なお、ECBのラガルド総裁は会見の中でPEPP(コロナ危機対応の資産購入の特別枠)は来年3月に終了する意向であることを明確に示唆しました。
どこに注目すべきか:インフレ、ECB、APP、PEPP、利上げ予想
ラガルド総裁は会見の冒頭で理事会の議論の内容を紹介するにあたり「インフレ、インフレ、インフレ」とストレートに雰囲気を表現しています。市場はインフレ懸念を織り込み政策金利引き上げ時期を前倒ししています(図表1参照)。ただECBはインフレ率の低下が当初の想定より遅れるものの、利上げ条件を満たすのは当面先と市場の早期利上げ観測を否定しました。
まず、ECBの主要な金融政策のうち資産購入政策から振り返ります。資産購入プログラムのうち、PEPPはコロナ危機対応として始められましたが、名前が示す役割は終えたことから22年3月で終了させることが示唆されました。この半年ほどのPEPPで月額700億ユーロ程度購入していますが、今後は購入額をやや減らすとしています。
一方、別の購入プログラムであるAPPは月額200億ユーロを購入しています。PEPP終了後の債券購入額の急減を防ぐためAPPの月額を増やすと市場では見込んでいます。ただ、今回の発表でECBは債券購入政策の現状を述べたに留まり、今後については次回以降の発表を待つ必要があります。

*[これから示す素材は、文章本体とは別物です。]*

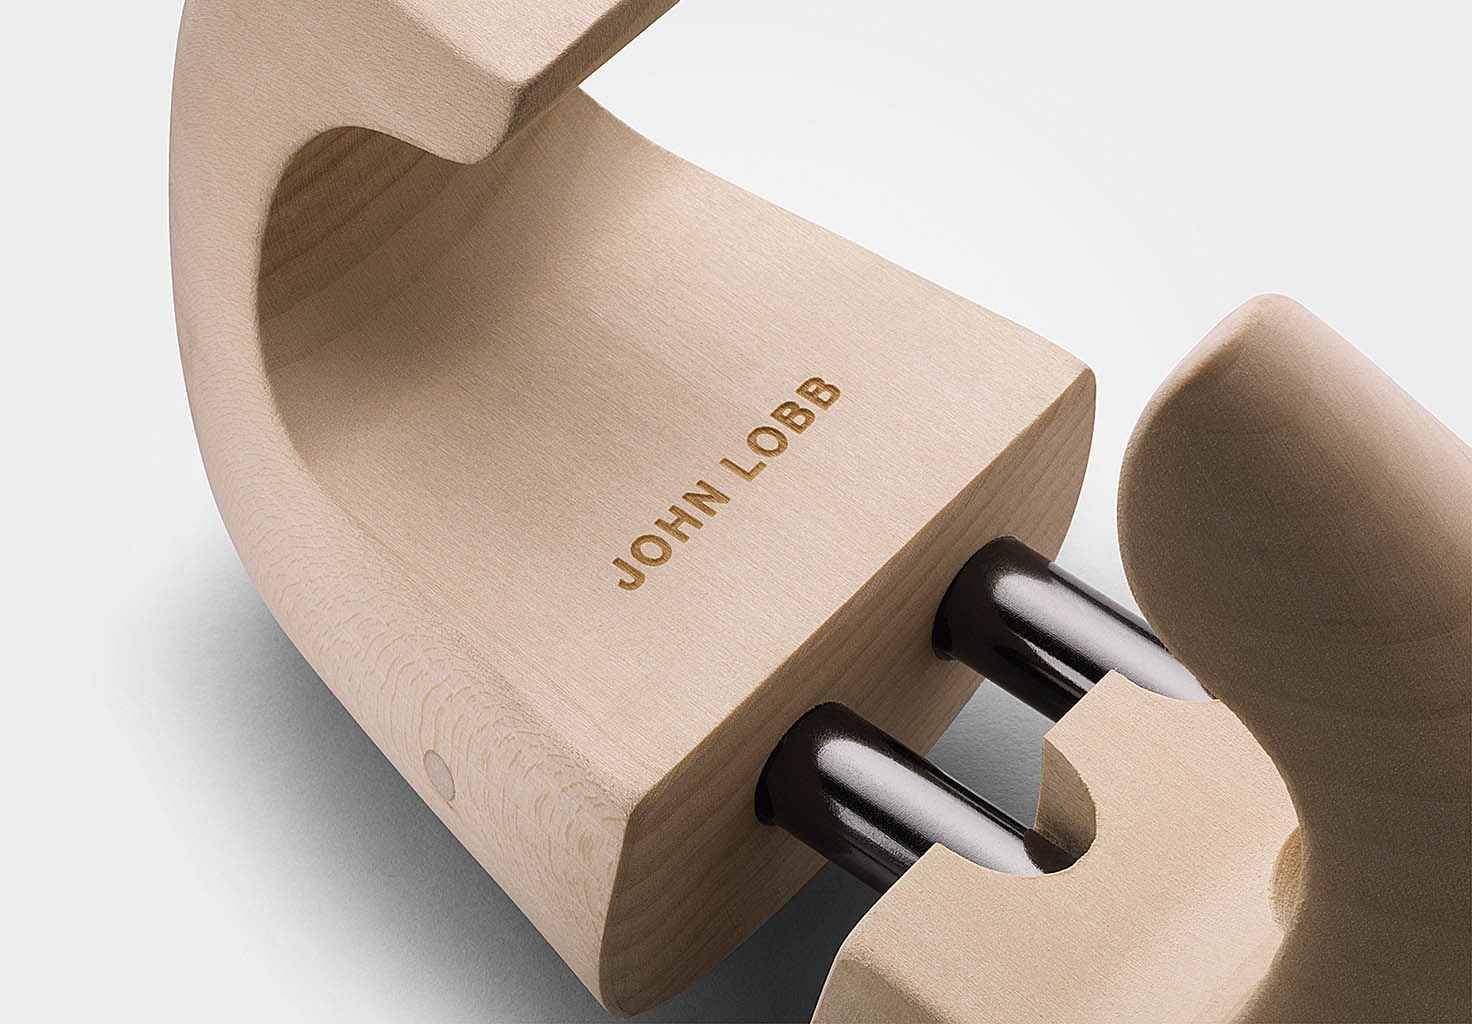 Still Life Product Photography of John Lobb shoe wooden stretcher by Packshot Factory

次に政策金利です。ECBは今回、主要政策金利を据置き超低金利政策を維持しました。ECBは今年7月にフォワードガイダンス(将来の金融政策の方針)を変更し、政策金利について要約すると「インフレ率見通しが2%に到達し、その後しばらくその水準にとどまると判断するまで政策金利を現水準もしくはより低い水準に据え置く」としました。

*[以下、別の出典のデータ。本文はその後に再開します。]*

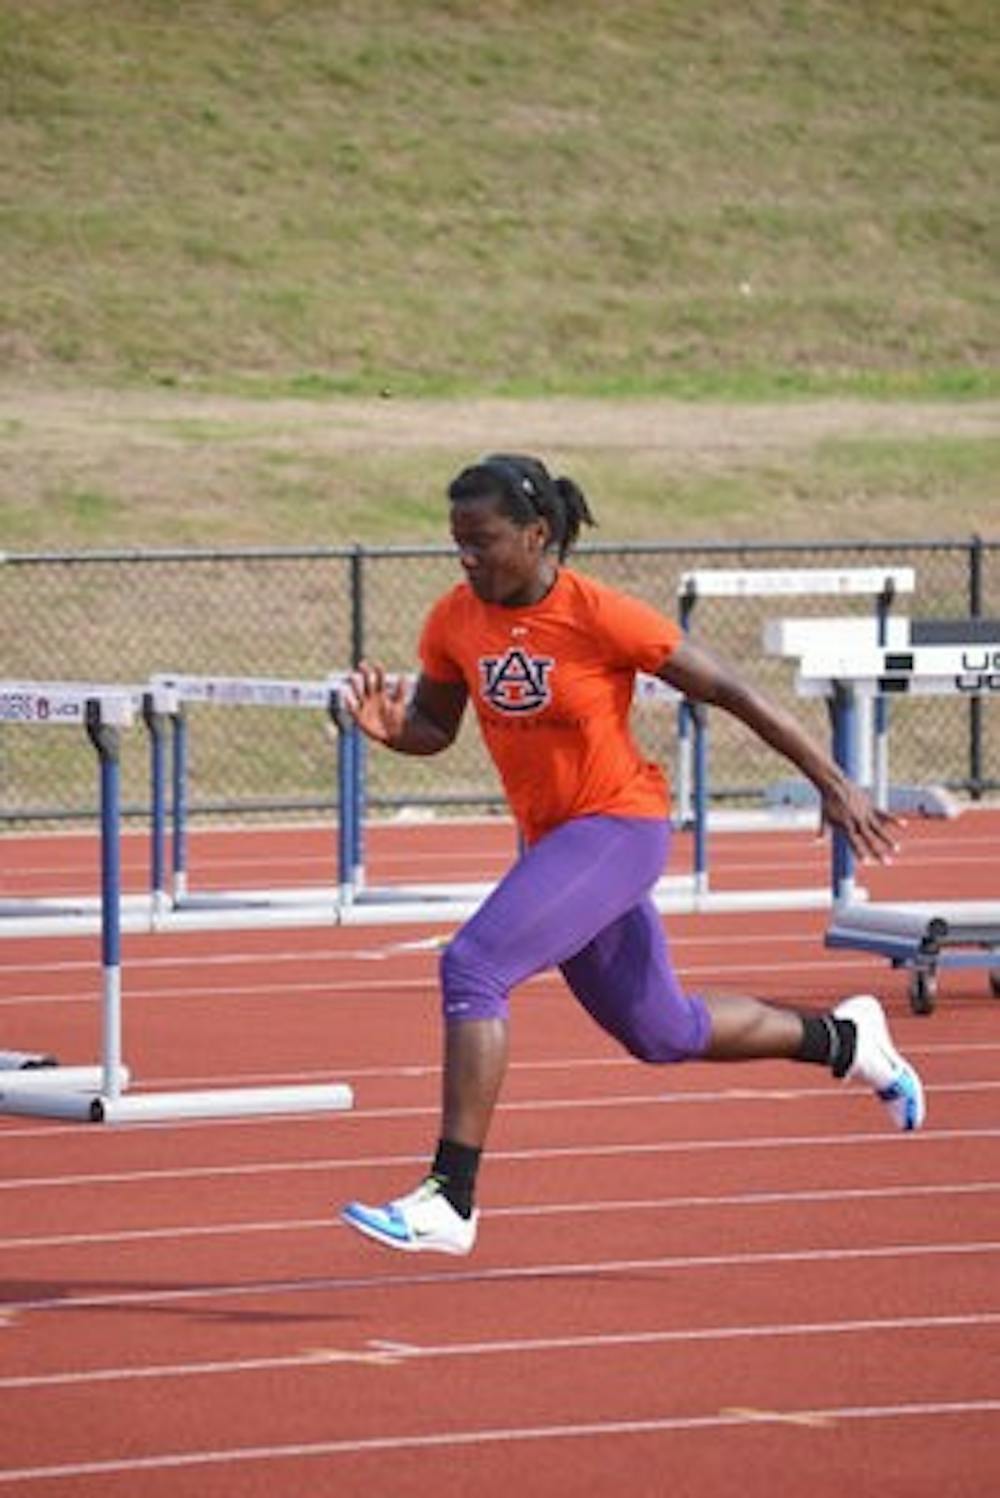 After the Alabama Relays, the team will split up to participate in both the Texas Relays and the North Florida Invitational. (Danielle Lowe / ASSISTANT PHOTO EDITOR)

また前回の理事会で示したECBスタッフの経済予想で、ユーロ圏のインフレ率は23年が1.5%で、利上げはまだ先と見られていました。なお、21年の予想は2.2%でした。
しかし9月のユーロ圏のインフレ率を実績値で見ると総合のインフレ率は前年比3.4%増で、食糧やエネルギーを除いたコアインフレ率も同1.9%と急上昇しました(図表2参照)。
市場では急速に利上げを織り込む動きが見られ、従来安定していたスワップレートは足元上昇しています。市場では22年9月以降の利上げ開始を織り込み始めています。
ラガルド総裁はインフレが従来の想定より長期化し、一過性は適切で無いことを認めつつも、市場の想定を早すぎると指摘しています。ラガルド総裁は会見でユーロ圏のインフレ率上昇の背景として供給問題、エネルギー価格上昇、税制などテクニカルな要因の3つを挙げています。半導体不足や物流の停滞で供給が需要を下回る供給問題は想定より長期化しており今後も注視は必要です。
一方、エネルギー価格上昇が来年も同様のペースで続くとは想定しておらず、また税制変更などテクニカルな要因は来年には低下するともとれます。また、資源国などの一部の国が既に利上げしている点についてはユーロ圏の置かれている状況が異なるとして早期の利上げについては否定しました。確かにユーロ圏はインフレ率上昇の要因となりやすい賃金上昇は今のところ抑制されているなど、ラガルド総裁の言い分を支持する要因が若干多いように思われます。
※将来の市場環境の変動等により、当資料記載の内容が変更される場合があります。
※当レポートの閲覧に当たっては【ご注意】をご参照ください(見当たらない場合は関連記事『ラガルド総裁のインフレ、インフレ、インフレ』を参照)。
(2021年10月29日)
梅澤 利文
ピクテ投信投資顧問株式会社
運用・商品本部投資戦略部 ストラテジスト
日本経済の行方、米国株式市場、新NISA、オルタナティブ投資…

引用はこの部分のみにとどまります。